One of the confusing aspects of our curriculum at Wesleyan is how we define our academic divisions. At Wes, some disciplines commonly thought to be key to the humanities, like Philosophy, History and Religion, are located in the social science division. Many courses within these programs are labeled as humanities classes, though there are also several surprises. Over the next several months I hope to better understand how we have organized the curriculum, and talk to faculty and students about how this organization supports their educational goals.

This week the Board of Trustees are here for the fall meeting. I’ve asked our board members to let me know how their humanities  college education has remained relevant to their lives after graduation. They have written at some length about critical thinking, communication skills, and the expansion of their powers of empathy. How do we understand the narratives of those around us, and how to we learn to shape our own story? Many of our trustees trace their love of music, art and literature to encounters in the arts and humanities here.

Professor of Italian Ellen Nerenberg recently shared with me the self-study conducted last year by Romance Languages and Literatures.

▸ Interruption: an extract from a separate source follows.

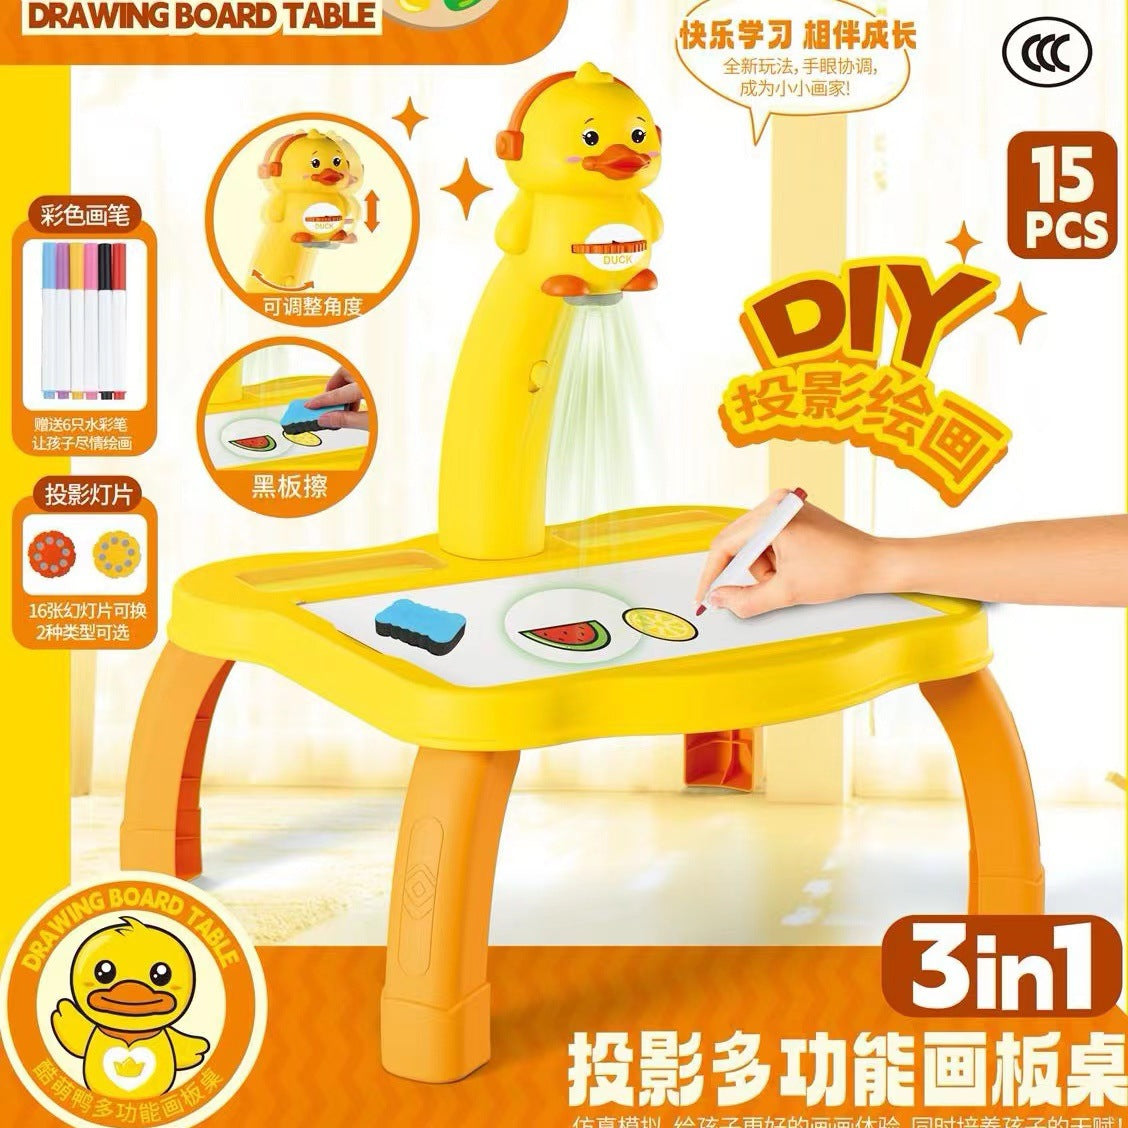 Duck Children's projection table multi-functional drawing board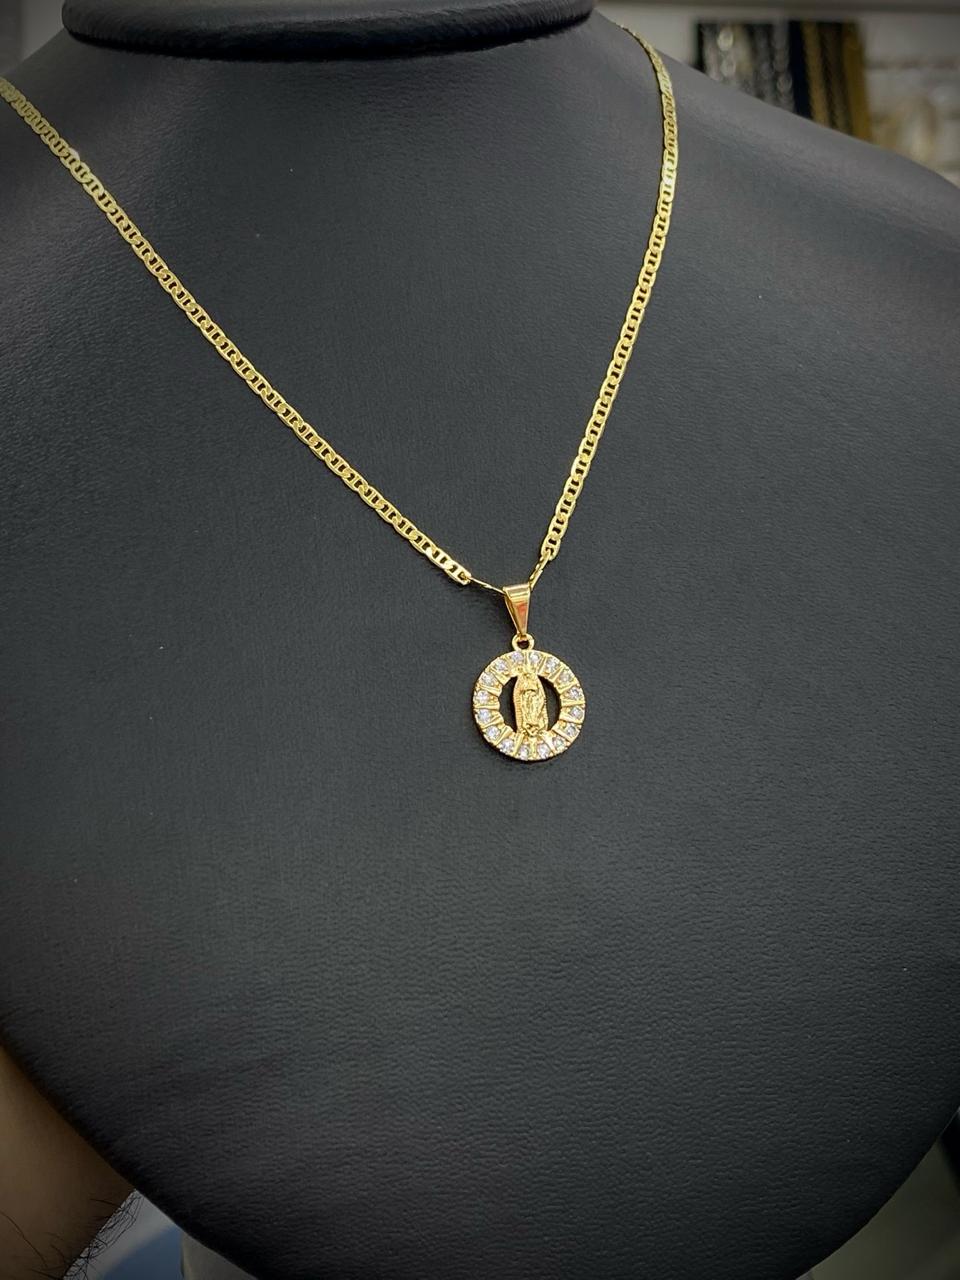 Round CZ Virgen de Guadalupe Necklace Mariner Chain Gold Filled Gifts Jewel

The department discusses the humanities as a crossroads of the world, as a gateway to interculturalism, and as a constructive engagement with tradition. These are certainly crucial dimensions of humanistic study, which provides students with an orientation to traditions, cultures and creativity. An education in the humanities also offers enormous pleasure, expanding one’s capacity for delight and wonder.

Students are now choosing their classes for the spring. As I look at the rich array of offerings, I can only imagine the joyful discoveries that await them. How are the Humanities at Wesleyan? Self-questioning, as always, but also alive to both tradition and the contemporary world in ways that continue to benefit our students.

 

Center for the Humanities at 50

Tonight I am reading over my lecture for tomorrow’s conference at the Center for Humanities to celebrate its 50th anniversary. This is especially exciting for me because as a student more than 30 years ago the Center was my intellectual home. I had made up my own major, and so I didn’t have one department that was my base. But every Monday night I went to the Center to listen to Wesleyan faculty and distinguished visitors explain their research as they benefited from an atmosphere of intense, interdisciplinary activity. It was heady stuff for me, even if I understood little. When I was a senior I joined the Junior Fellow ranks at the Center, and the faculty really did treat us as colleagues. I got a taste of academic research, and I was hooked.

Tomorrow I’ll talk about the evolution of CHUM a bit, and then about some major changes in the humanities over the last few decades. Nancy Armstrong, a distinguished critic from Duke, will be one of my respondents, as will my teacher Victor Gourevitch. I hope my paper meets his expectations! We start at 9:00 am.

The real fun for me starts at 10:30, when English professor Sean McCann will give a talk on liberal humanism. Historian Demetrius Eudell will talk about a humanism “made to the measure of the world” at 1:10 pm, and philosopher Lori Gruen will discuss Humanities’ Others at 2:50 pm. Respondents are former directors of the Center and current Wesleyan faculty. At 4:15 keynote Cary Nelson will discuss some of the political and economic pressures on the humanities. It should be an exciting day of vigorous intellectual stimulation.

The Center for the Humanities was one of Victor Butterfield’s great innovations, and now there are more than 150 such places all around the country. Wesleyan was a leader in bringing together teachers, scholars and students to examine problems from a multiplicity of perspectives, and the fact that so many others have followed our lead has much to do with why I refer to our school as “progressive.” We move ahead and others follow.

Join us at Russell House tomorrow anytime after 9 am to help celebrate The Center for the Humanities!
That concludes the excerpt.